# [BRIEF]
Return only the lines of the listing below that run from the line with "Woman using mobile phone Photo Stock" through the line with "Cologne workshop spaces", both ends included, exactly as written.

____ DATASET EXTRACT

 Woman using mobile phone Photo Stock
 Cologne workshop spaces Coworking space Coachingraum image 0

________
____ DATASET EXTRACT

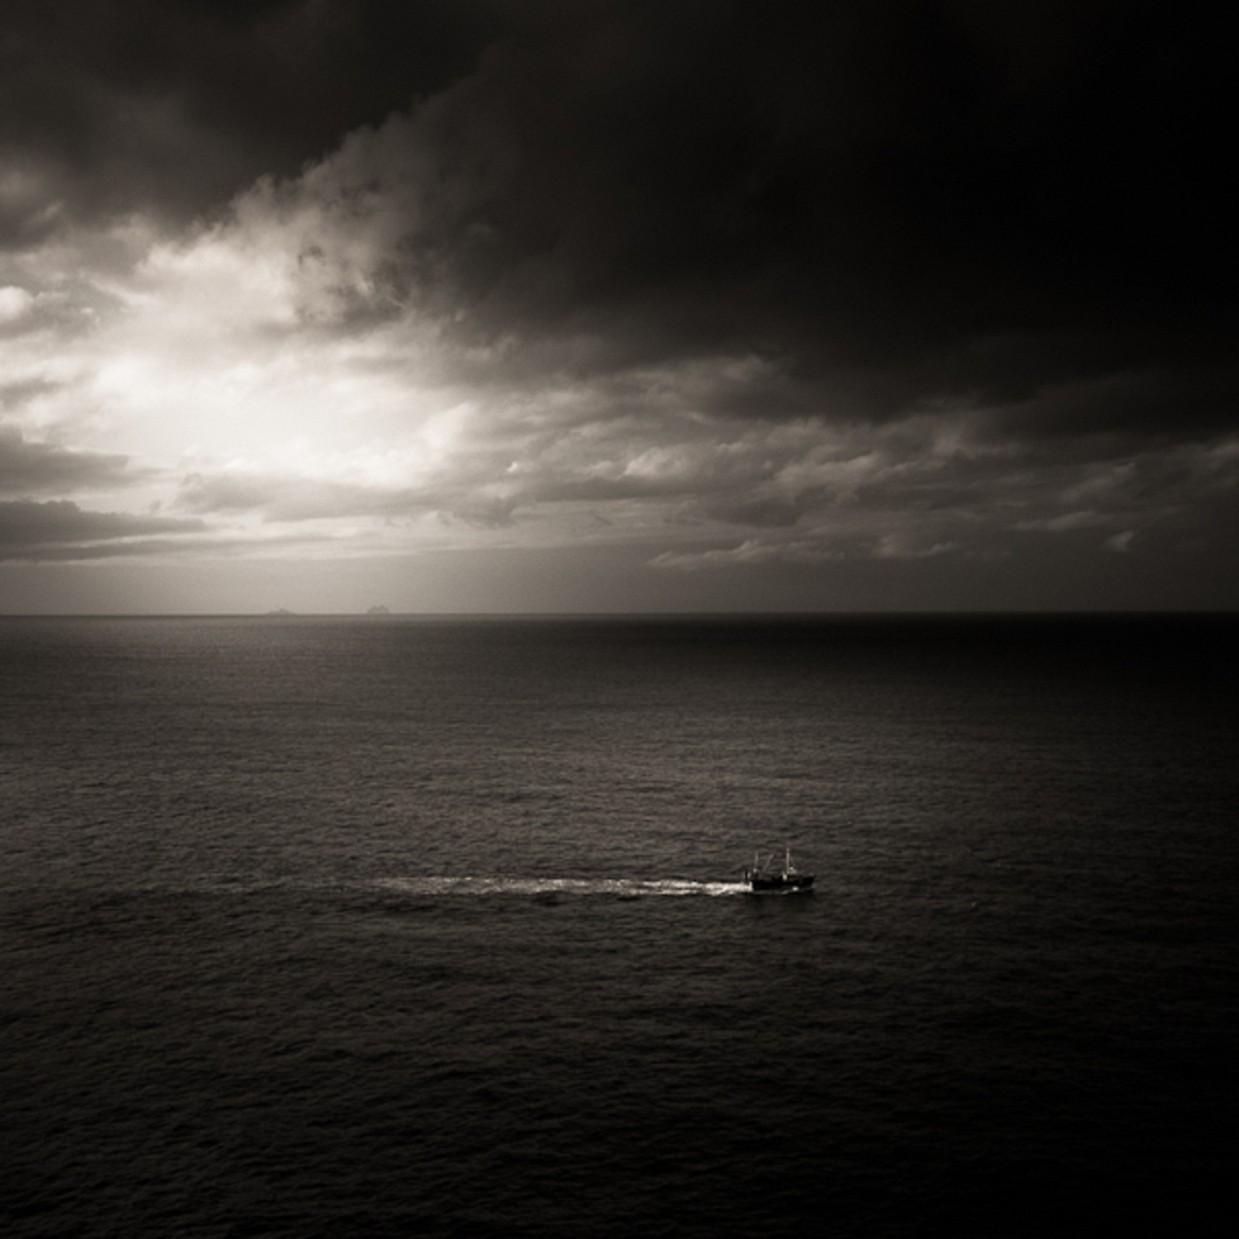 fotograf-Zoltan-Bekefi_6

________

# [YOUR SOLUTION]
 Woman using mobile phone Photo Stock
 Cologne workshop spaces Coworking space Coachingraum image 0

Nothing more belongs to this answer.